[COLLECTED DATA — start]

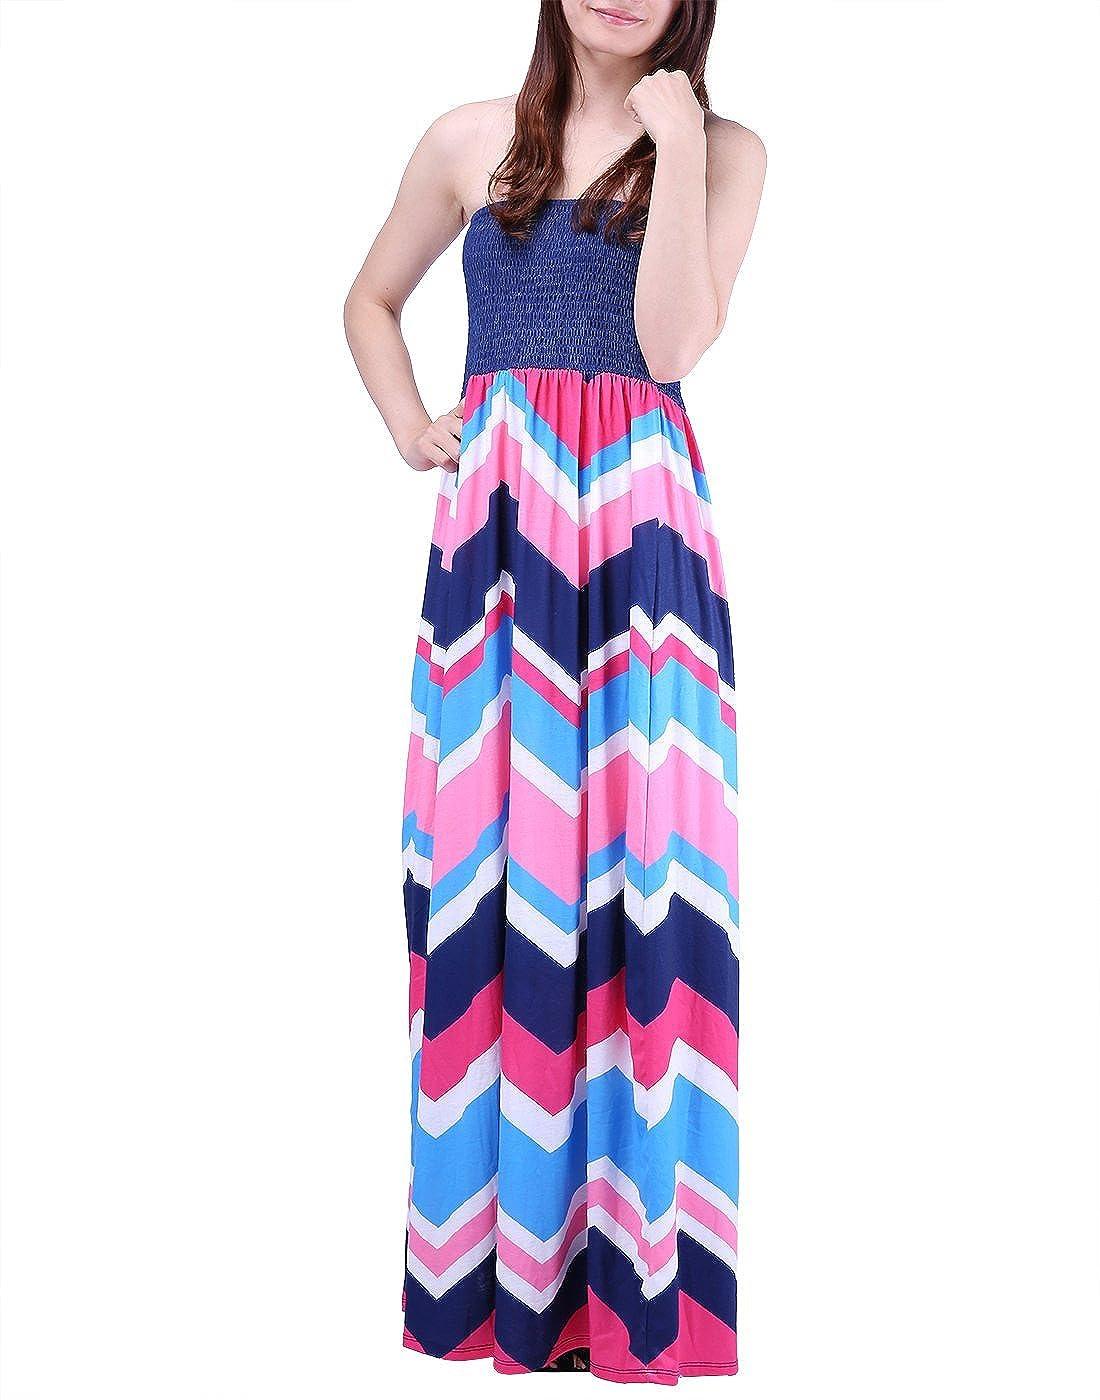 0fb4951f8fb Amazon.com  HDE Women s Strapless Maxi Dress Plus Size Tube Top Long Skirt  Sundress Cover Up (Pink Blue Chevron
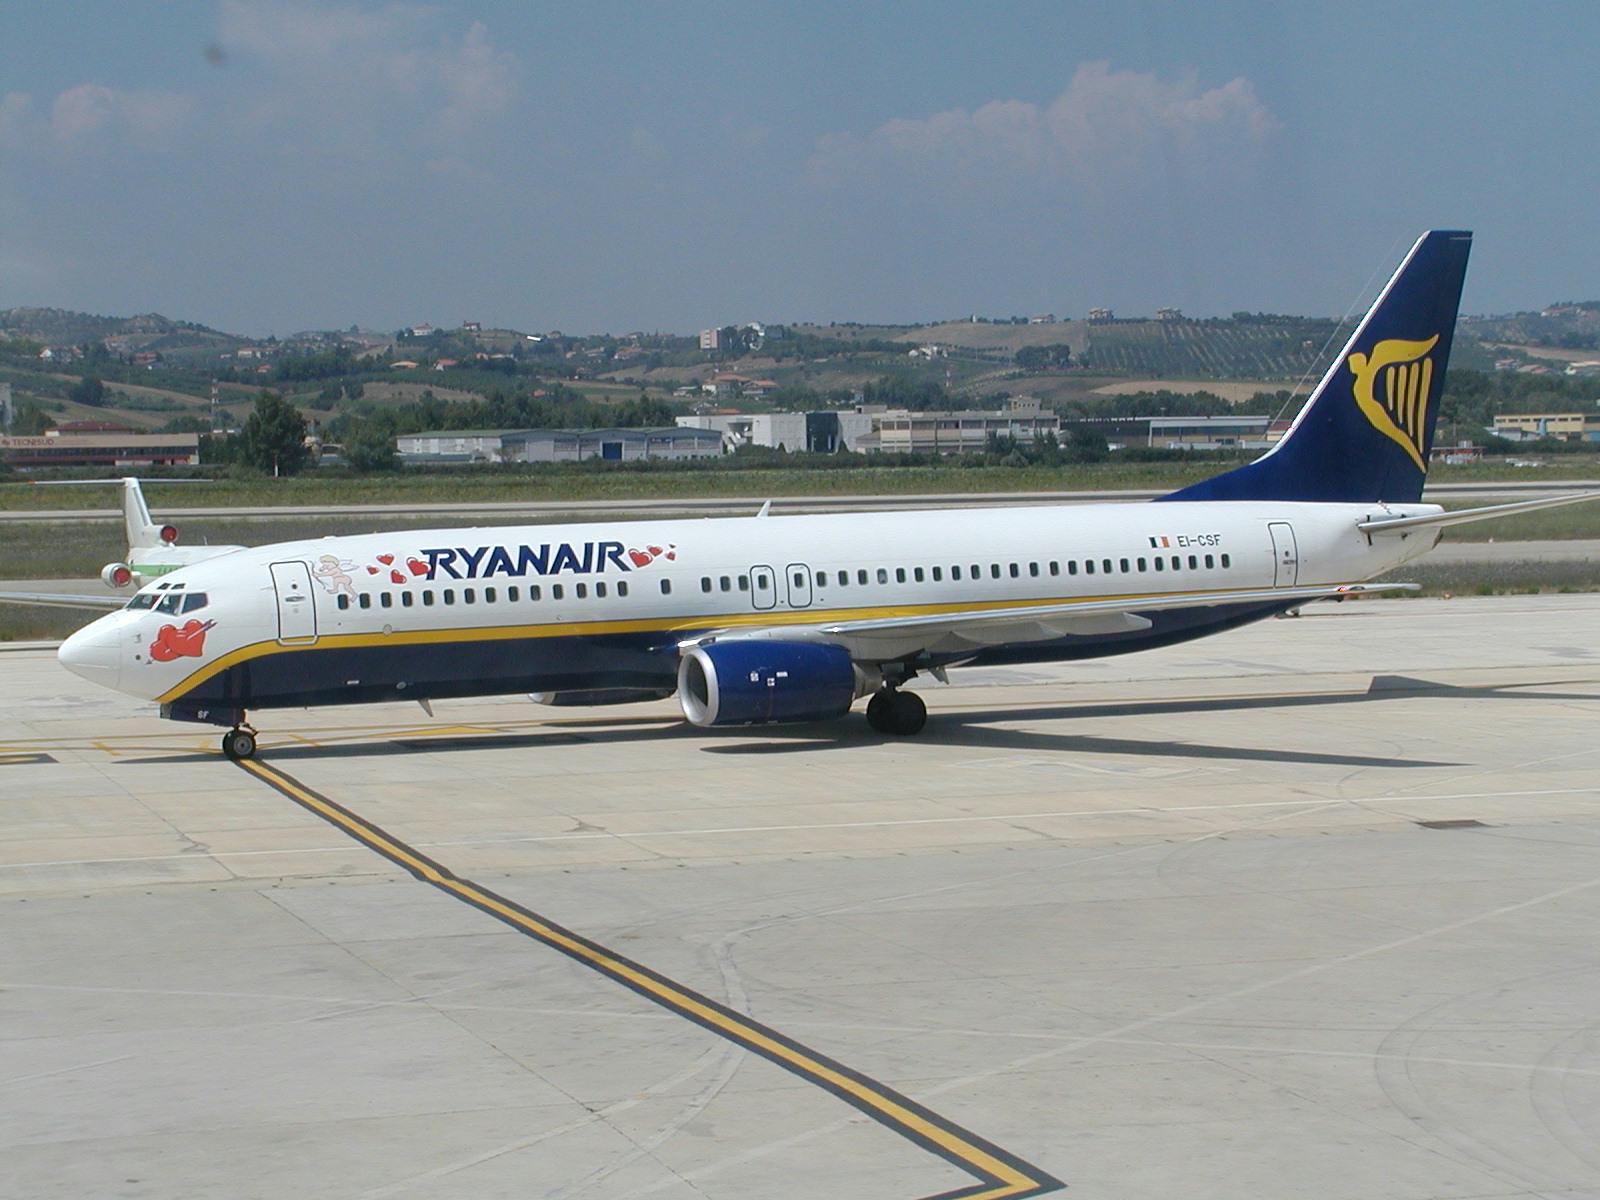 Aeroporti collegati Ryanair Milano Malpensa
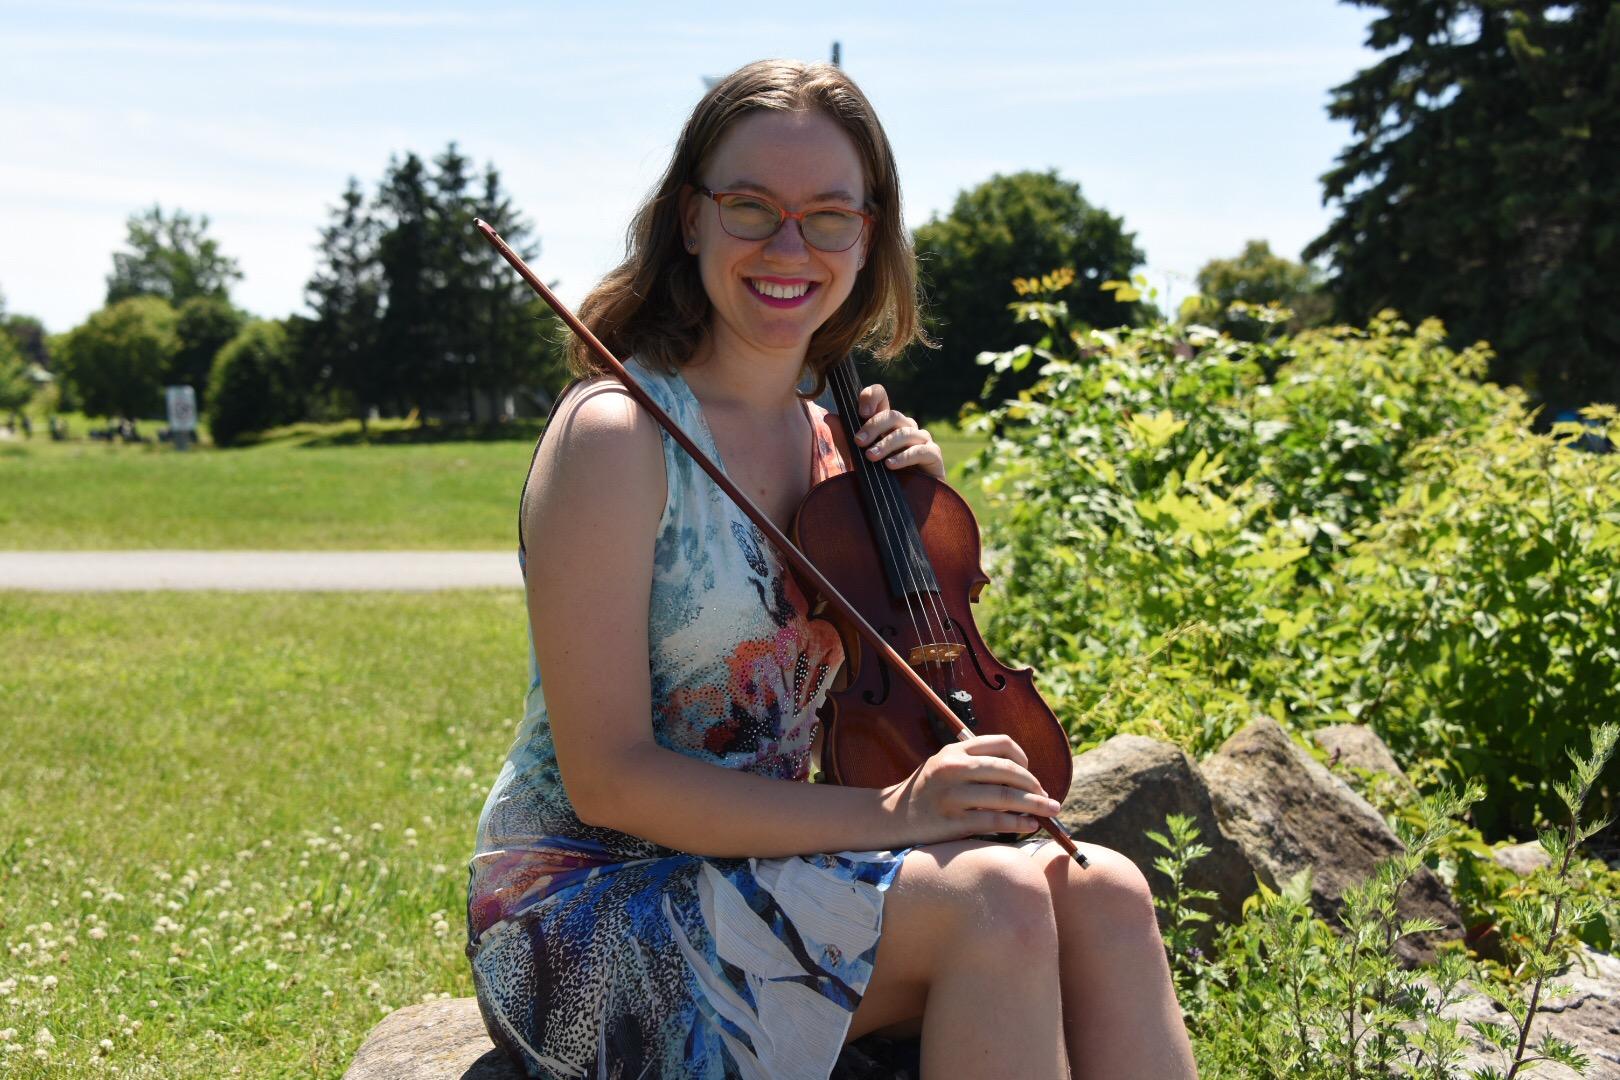 Image of Victoria Goodman with violin
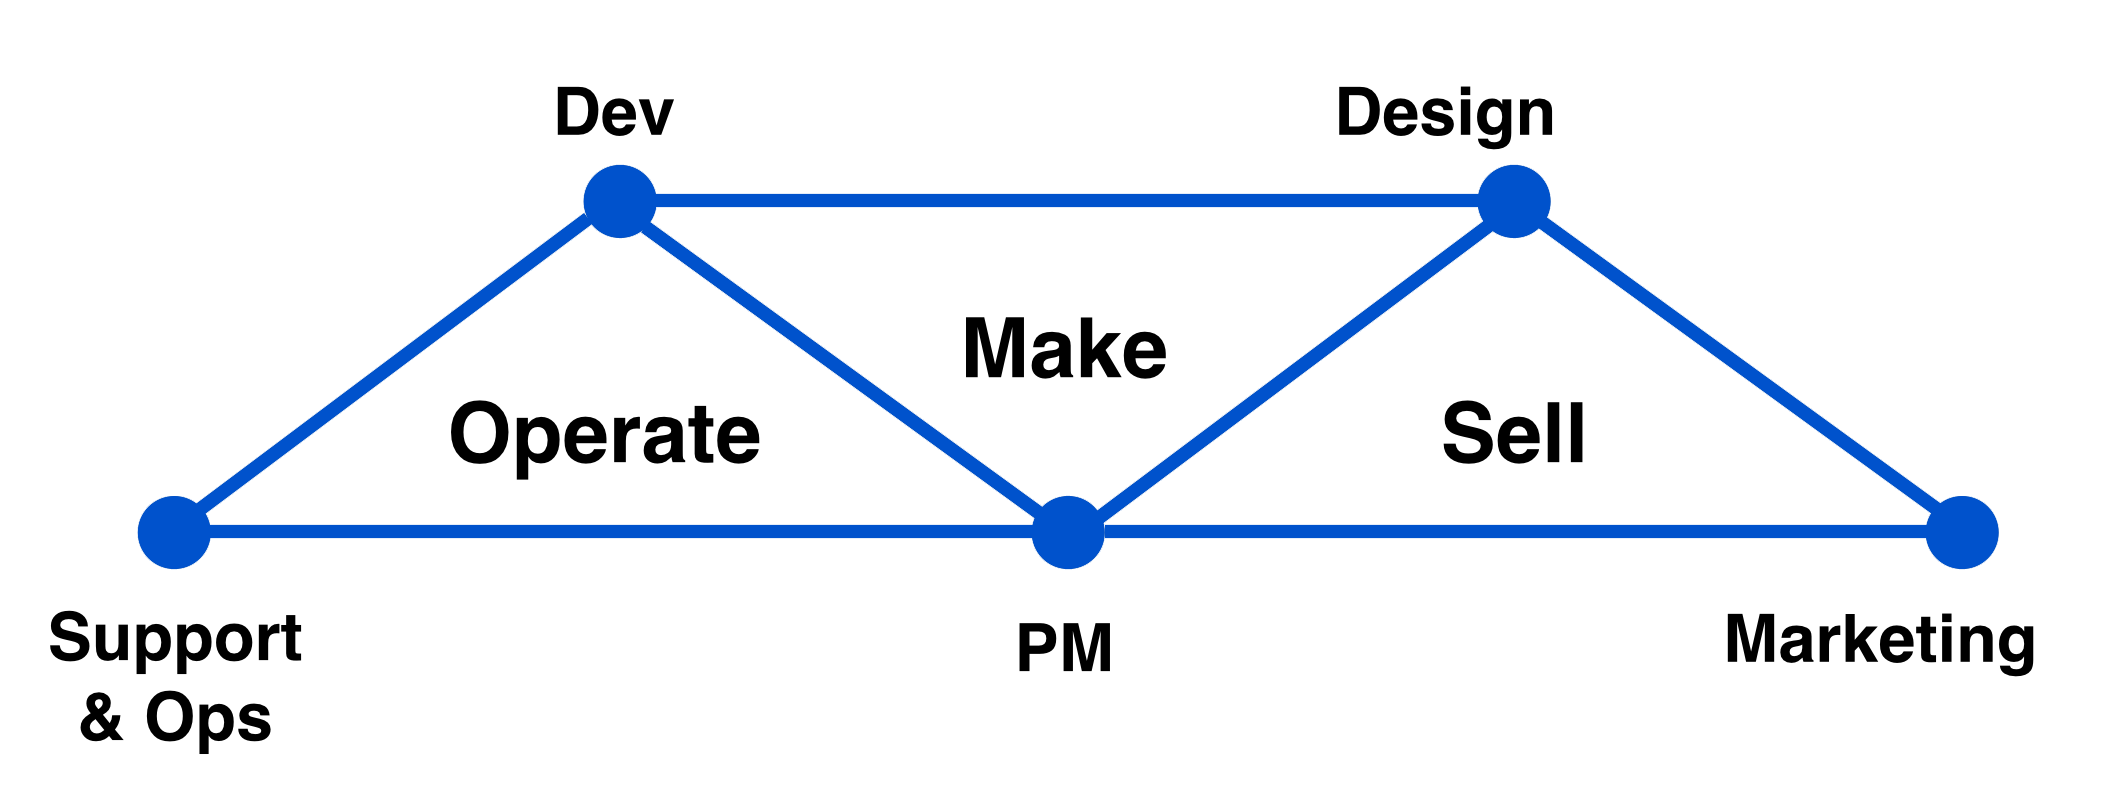 Teamtriaden bei Atlassian | Atlassian Agile Coach

[COLLECTED DATA — finish]

◆ TASK PROMPT ◆
The whole listing should be reproduced exactly. Images don't go in.

◆ RESPONSE TO THIS EXERCISE ◆
 0fb4951f8fb Amazon.com  HDE Women s Strapless Maxi Dress Plus Size Tube Top Long Skirt  Sundress Cover Up (Pink Blue Chevron
 Aeroporti collegati Ryanair Milano Malpensa
 Image of Victoria Goodman with violin
 Teamtriaden bei Atlassian | Atlassian Agile Coach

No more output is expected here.